When I saw it it was still about the size of Jupiter (I caught it on the verge ...). So no need to have a falcon eye. It was expected (to be visible by "naked eye").

If I can still see it today (meaning tomorrow July 15) (with just the solar glasses) I'll probably change my profile name ... to "falcon" ...:biggrin:
A fun experiment I just devised, to see if you can see sunspots with your naked eye:

1. Pull up Stavros's image of the sunspots on your computer.

2017.08.24.OmCheeto.eyeball.resolution.png


2. Aim it towards a distant location.
3. Measure the diameter of the sun on your monitor.
4. Walk as far away from your monitor as possible.
5. Start walking towards your monitor, until you can just "sense" that the sunspots are present.
6. Measure the distance to your monitor.
7. Do a bunch of fancy maths, and determine the angular resolution of your eyes. [3]
8. Google the angular diameter of the sun as viewed from Earth. [1]
9. If the angular resolution of your eyes[2] is greater than the angular diameter of the sun, then you cannot see sunspots.

ps. I cannot see sunspots with my naked eyes. Though, I'm old, and accept the fact that all of my equipment is wearing out, and am not ashamed to admit it.

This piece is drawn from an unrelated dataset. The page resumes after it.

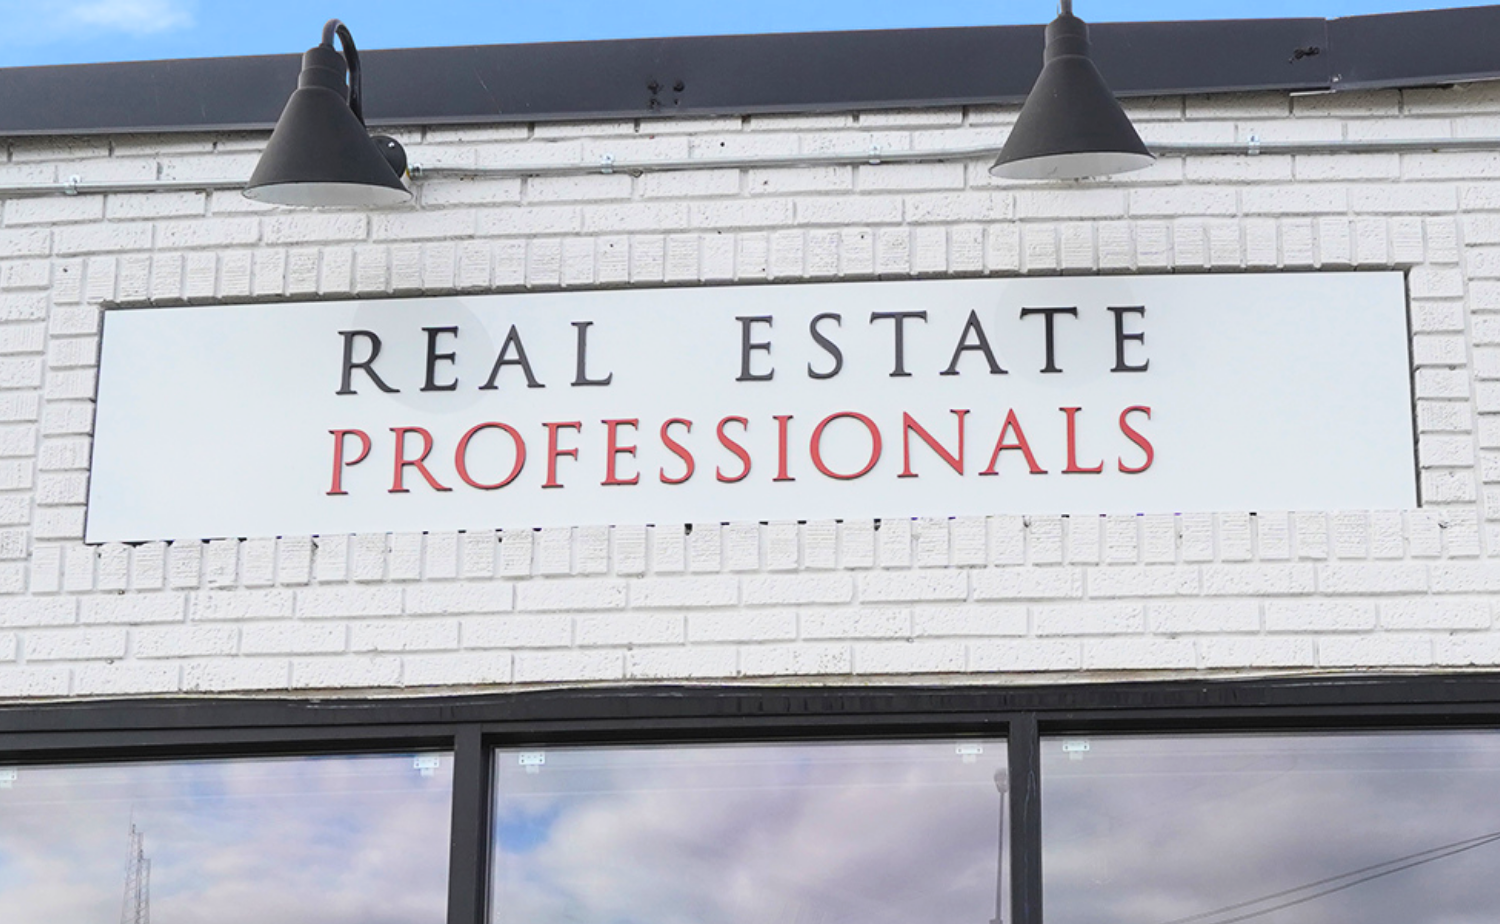 616 REALTY - Real Estate Professionals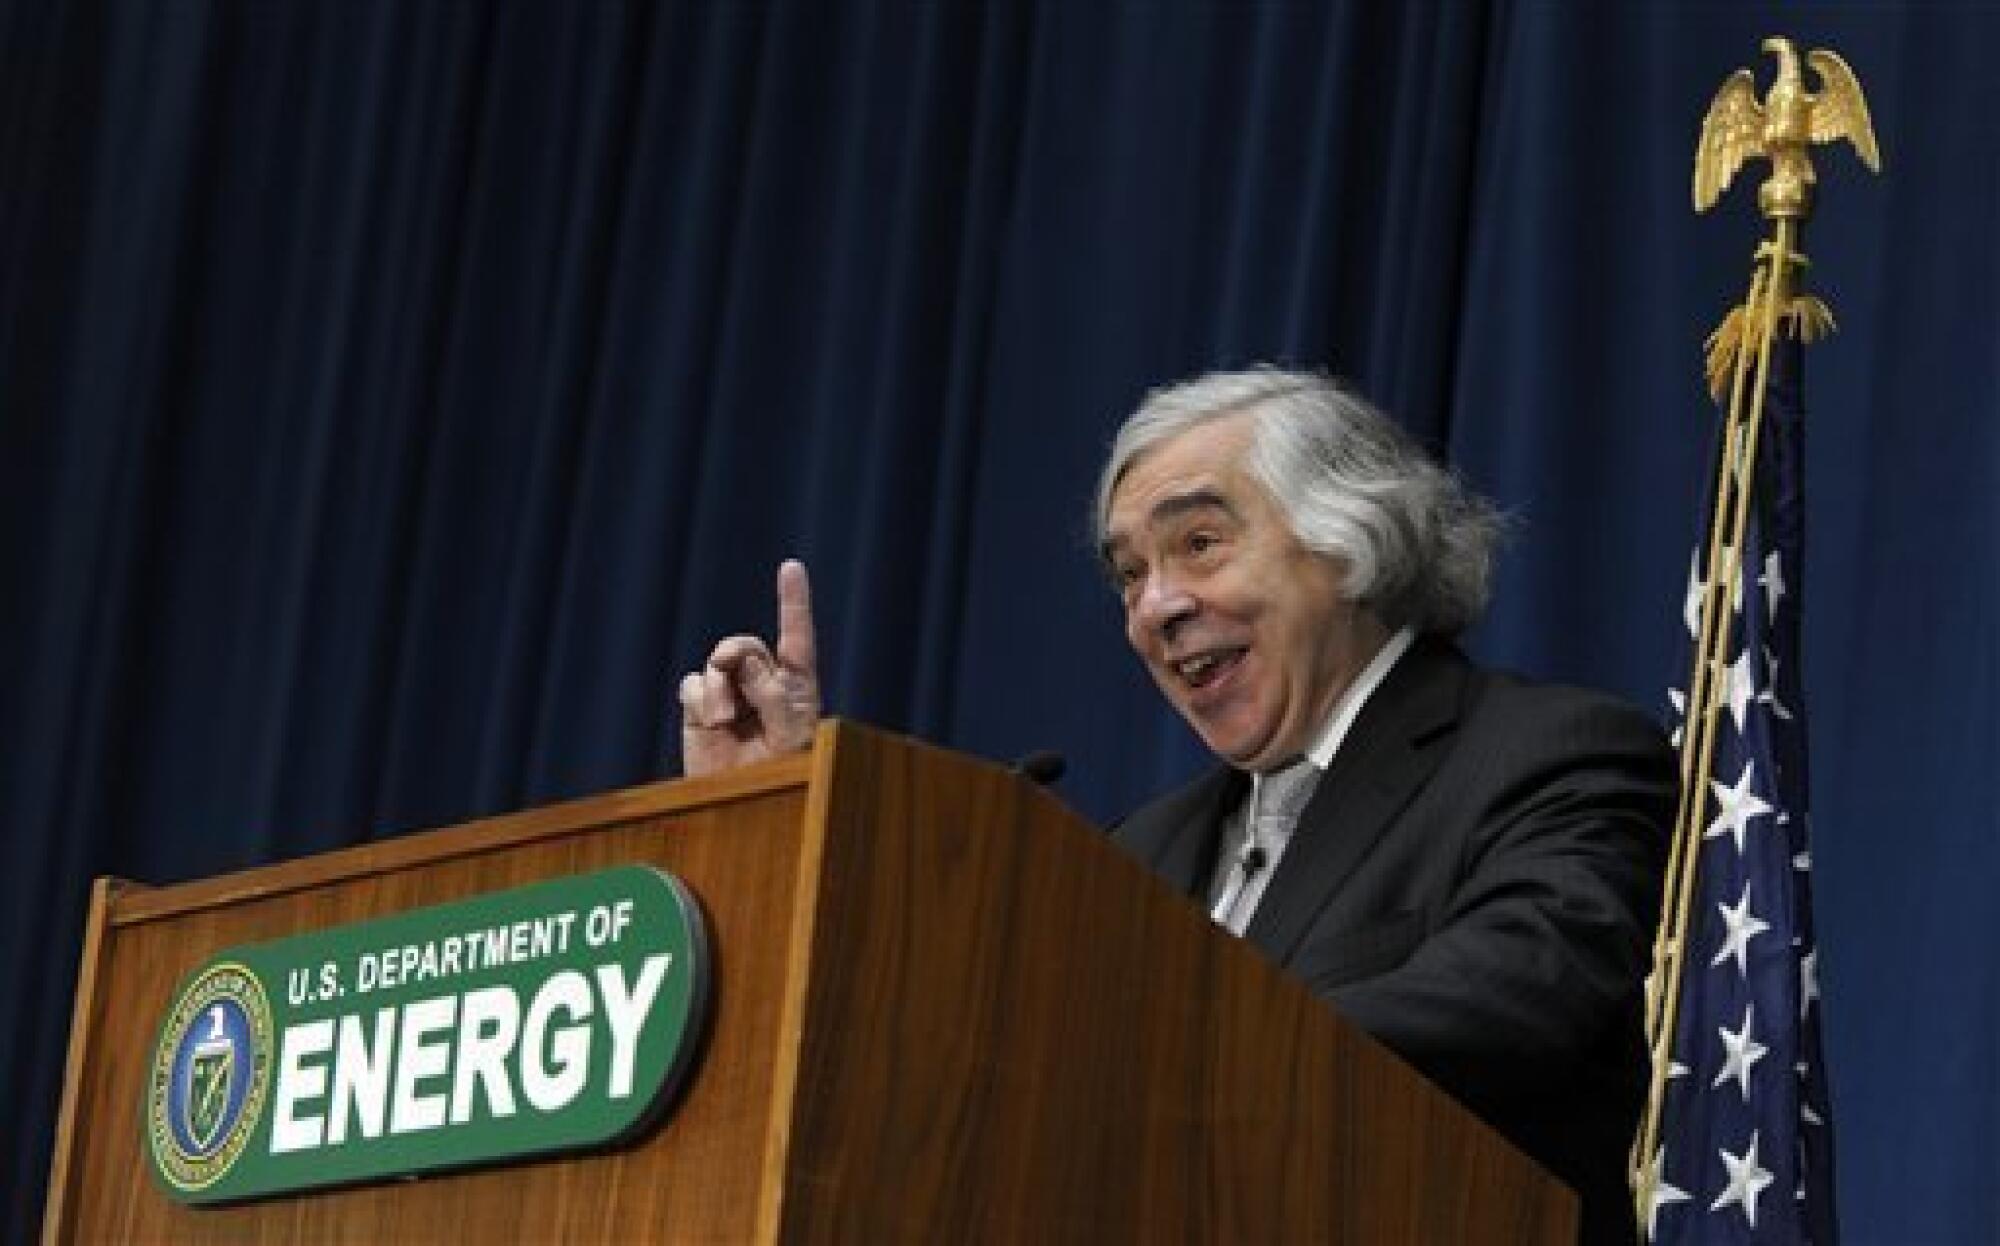 Dr. Ernest Moniz speaks after being sworn in as Energy Secretary, Tuesday, May 21, 2013, during a ceremony at the Energy Department in Washington.

[1] 32 arc-minutes (sun as seen from earth)
[2] 100 arc-minutes (Om has to magnify the sun 3 times to see sunspots.)
[3] I would do this for you, but I did the maths long ago in the "Ceres" thread, where I plugged the equations into a spreadsheet, as I knew it would come in handy one day, as I can't remember my sines from cosines for squat. But, I'm sure it wasn't that hard.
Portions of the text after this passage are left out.